Капитан отрывисто кивнул и покинул рубку. Из-за зелёной занавески показалась растрёпанная голова Филлипса. Он отчаянно протёр красные, слезящиеся глаза и протяжно зевнул.
— Что, чёрт побери, за день сегодня такой, — проворчал он и размашистым шагом вернулся к столу.
Гарольд Брайд только пожал плечами. Тревога его нарастала, но он старался этого не показывать: слишком уж уверенным выглядел рядом с ним Филлипс, и Гарольд Брайд не хотел ему проигрывать. Филлипс напряжённо застыл за спиной у товарища, и его побледневшие пальцы взволнованно отбили по спинке резкую дробь.
Капитан вернулся в рубку. На его лице лежала печать чёрной обеспокоенности.
— Передайте просьбу о помощи, — велел он радистам.
Филлипс среагировал первым.
— По правилам? — коротко спросил он.
Капитан уверенно кивнул.
— Да, — сказал он, — и передайте этот сигнал немедленно.
Радисты встревоженно переглянулись. Гарольд Брайд шумно сглотнул и уже распрямился, готовый приступить к работе, но Филлипс решительно и властно отодвинул его.
— Позволь мне.
Он вынул у капитана из рук листок, на котором были набросаны размашистые косые цифры — координаты «Титаника». Филлипс шесть раз подряд отстучал три буквы, складывающиеся в заветный код — CQD. Следом за этим кодом во мрак и холод атлантической ночи умчался позывной «Титаника» — три буквы, MGY. Снова и снова, снова и снова уверенные пальцы Филлипса выстукивали заветные буквы и цифры.
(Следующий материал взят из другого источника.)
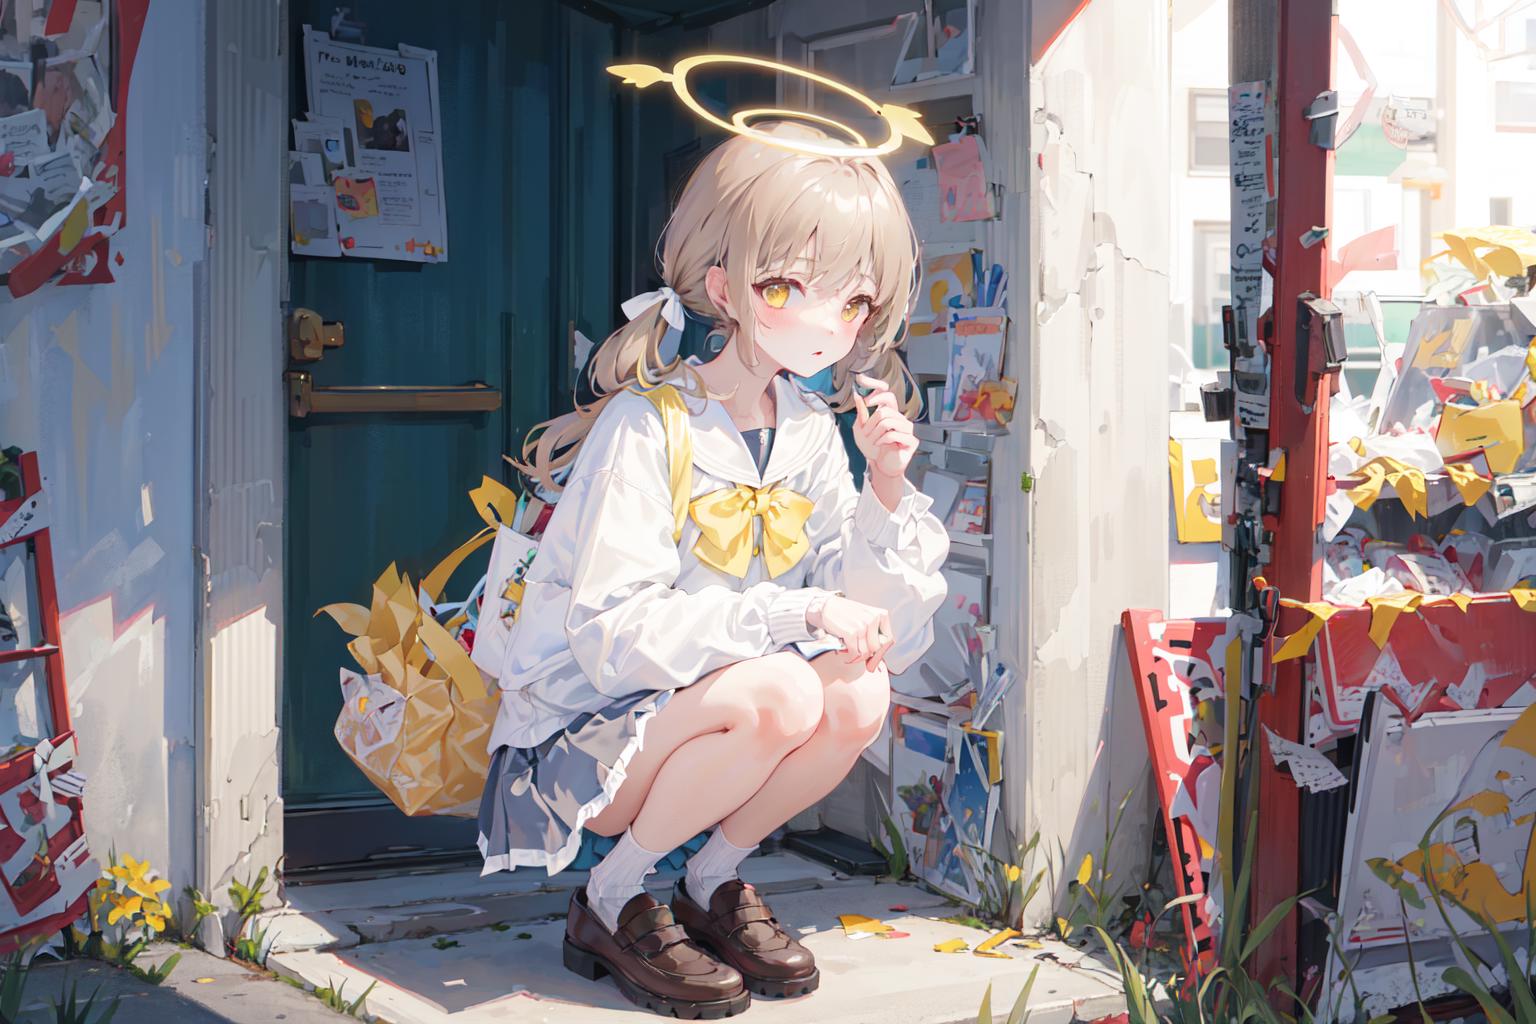 Anime girl with a halo, kneeling in front of a building.

Было двенадцать часов ночи, пять минут.
* * *Старший помощник капитана Уайльд старательно завлекал в шлюпку под номером восемь перепуганных женщин. Неподалёку от него дежурил бдительный Лайтоллер, отсеивавший всех мужчин, что пытались предательски проникнуть на борт. Лайтоллер был суров со всеми зайцами: у Уайльда на глазах он развернул кругом трясущегося от ужаса юношу, который еле лепетал, стараясь выговорить:
— Помогите… спасите… пожалуйста…
— Имейте же совесть! — прикрикнул на него Лайтоллер. — Будьте мужчиной и не позорьте себя, первыми сядут женщины…
Уайльд тревожно выглянул за борт. Тёмная водяная гладь оставалась неподвижной. Вне всяких сомнений, корабль тонул, пусть многие в это пока и не верили, и жить ему оставалось совсем немного: острое чутьё Уайльда, отточенное годами работы в море, никогда его не обманывало. Только сейчас к острому ощущению опасности прибавилась свербящая тоска где-то там, в глубине сердца. Уайльду это чувство совсем не нравилось: оно ясно указывало на то, что Мэри Джейн Джеймс по-прежнему не на её палубе, и это указывало также на то, что её судьба Уайльда задевала. Ему хотелось бы спасти как можно больше людей, хоть он и понимал, что шлюпок на всех не хватит — посадить бы половину! И его сердце отказывалось биться ровно, стоило ему подумать, что Мэри Джейн Джеймс не получит своего места.
«Приходите скорее, — мысленно заклинал он нерасторопную девушку, — приходите скорее и спасайтесь!»
— Женщины и дети! — кричал совсем рядом с ним Лайтоллер. — Женщины и дети!
* * *Единственный радиотелеграфист кунардовского судна «Карпатия» — видавшей виды старушки, — Томас Коттэм, не ожидал от этой холодной безлунной ночи ничего особенного. Он стоял на мостике «Карпатии», широко расставив ноги, порядка нескольких десятков минут — так он пытался стряхнуть усталость. Томас Коттэм изредка позёвывал и поправлял воротничок и галстук — сегодня он уже чертовски устал и хотел бы лечь спать. Тем не менее, кое-какое дело заставило Томаса Коттэма отправиться в рубку и, усевшись за аппаратуру, обратиться к «Титанику», который как раз находился неподалёку.